Bruce Lee himself describes it best:
“In the yin yang symbol, there is a white spot on the black half, and a black spot on the white half. In JKD, Yang (firmness) should be concealed in Yin (gentleness) as Yin is concealed within Yang.
Thus, a JKD man should be soft, yet not yielding; firm, yet not hard. The curved arrows surrounding the Yin Yang symbol represent not only the harmonious interplay of Yin Yang but also the interchangeability of opposites.”
In Eastern Philosophy the Yin/Yang is an important symbol and holds its roots in Taoism… the “source of the water” for much of Bruce Lee’s philosophical pondering. It is a symbol that gives representation to how apparently opposite forces are actually related and how they cycle and give rise to one another. Each half of the Yin Yang contains a part of the other, representing the “yang within yin” and the “yin within yang”
Think of the saying, “Two sides of the same coin”. Many tangible dualities are thought to be a physical representation of Yin Yang (male/female, light/dark, love/hate).
This duality is the central principle of much of Chinese thought, philosophy, and martial arts. It serves the same purpose in Jeet Kune Do… where Lee is quite often quoted on seemingly contradicting phrases, such as the characters that make up the outer ring of his Core Symbol. (More on this in a bit)
Notice the symbolism here: there are many “circles within circles”. The ensō, or “The Zen Circle“, embodies one of the defining aspects of Zen Buddhism and something that is a core principle of Jeet Kune Do itself: the concept of “no-mind”. A state of “no-mind” is where a person is free from thoughts and emotions while being completely present in the now. It is believed that while in this state of ‘one-ness’ with the moment, true creativity and freedom can arise… something Bruce Lee was very adamant about passing down to his students.
These circles represent the constant cycles in life: birth/rebirth, life/death, day/night… and of constantly striving to refine one’s art. Learning, refining, discarding… and then repeating the process over and over.
The characters surrounding the symbol translate to: “Using no way as a way” and “Using no limitations as limitations” (I have BOTH these phrases as large wall scrolls in my home kwoon).

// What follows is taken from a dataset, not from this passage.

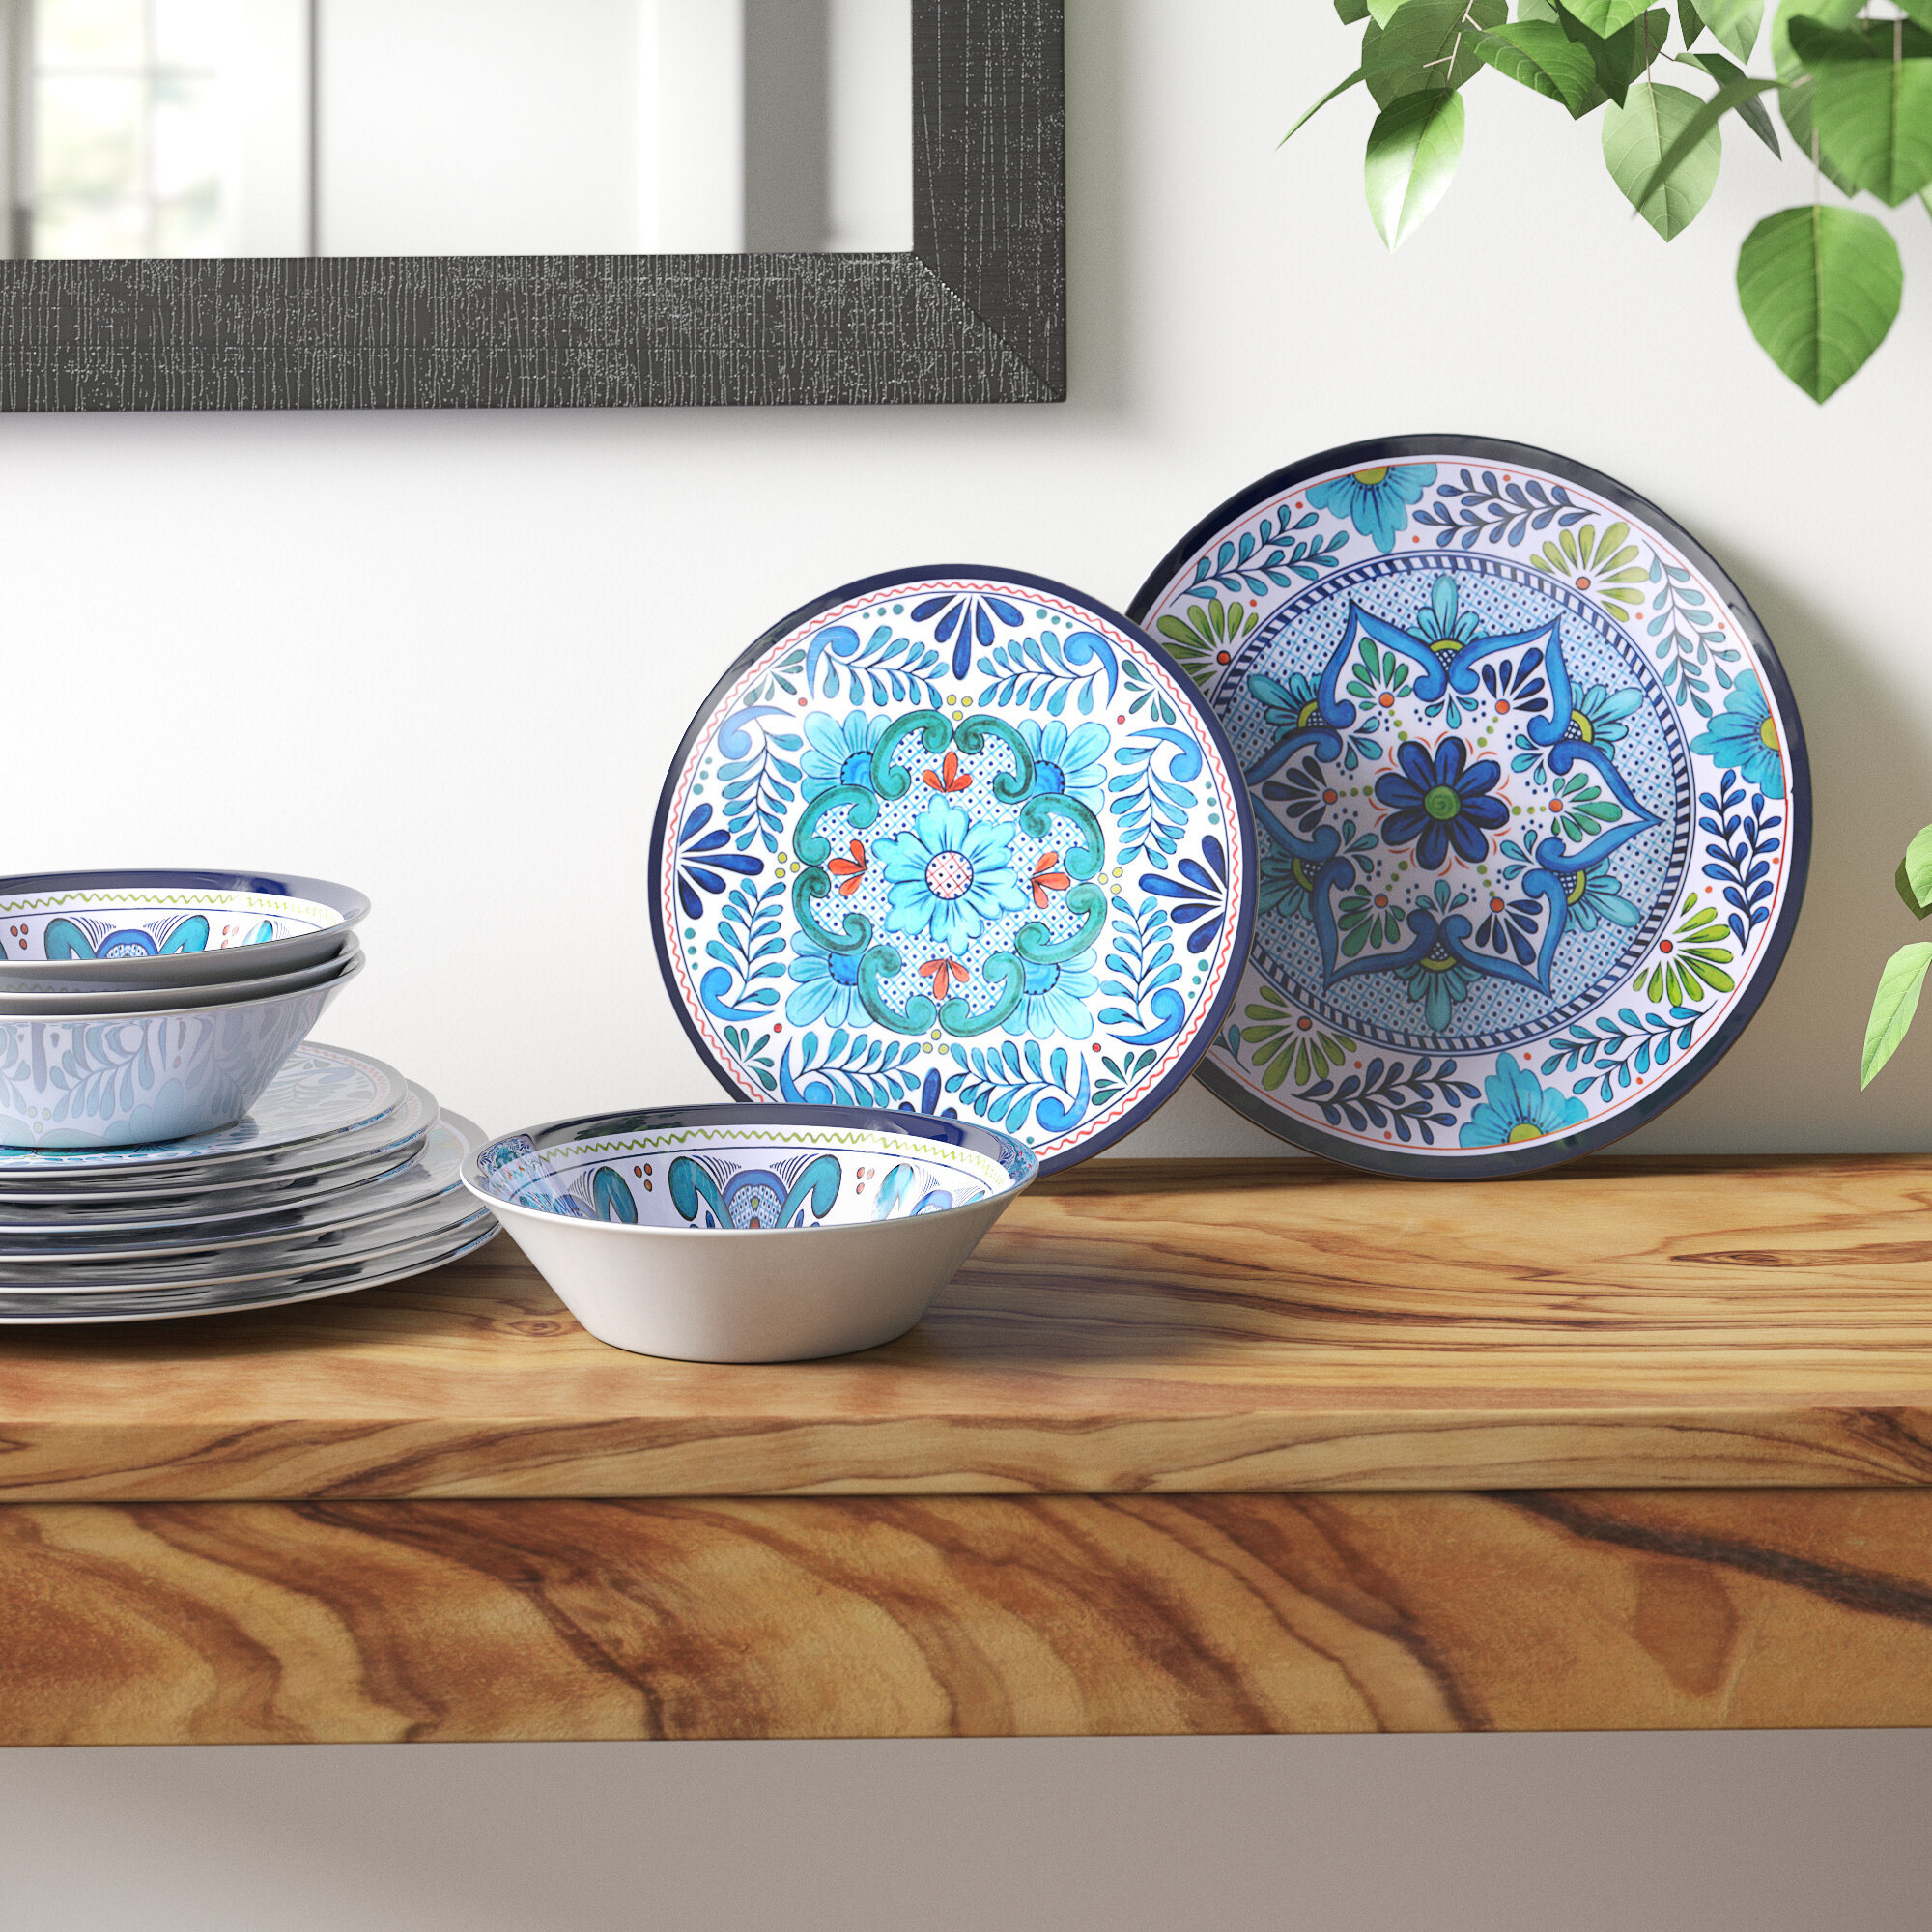 [BIG SALE] For You: Chip-Resistant Dinnerware You’ll Love In 2021 | Wayfair

Both these phrases seem to contain contradicting phrases… but this is the way that Chinese and other Eastern philosophies are taught: the answer is not given to you. You must seek within yourself to discover the truth.

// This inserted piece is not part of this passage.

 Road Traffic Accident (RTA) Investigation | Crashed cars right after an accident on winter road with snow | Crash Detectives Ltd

The phrases and koans and apparent double speak of Taoism, Zen, and Buddhism are designed to force you TO THINK and to ultimately forge you own path. It will result in an experience that is richer and much better understood by the student, rather than a false understanding of an answer given without the work involved.
Its like trying to explain to someone who has never had sweets how sugar tastes: the words will always fail you. Experience is the only real teacher. Your student will just have to go taste the sugar for themselves.
Both phrases represent not being bound by dogma of traditional martial arts, the dogma of others… or even your own dogma! Bruce was very vocal about the trappings of traditional martial arts training in his day. Little to no thought was given to the student’s individual needs, wants, and desires. Rather, a “one size fits all” approach was thrown at students… whether it did indeed fit them or not, and they can confine to an uncomfortable, ill-fitted system, or leave the hall.
The characters can be thought of as representing a “circle without a circumference” … your art is defined by your experience… but since your experience is always changing… so is the circumference of the circle.
Our own symbol pays homage to Lee’s Core Symbol. The principles laid out by him so long ago gives direction to our training.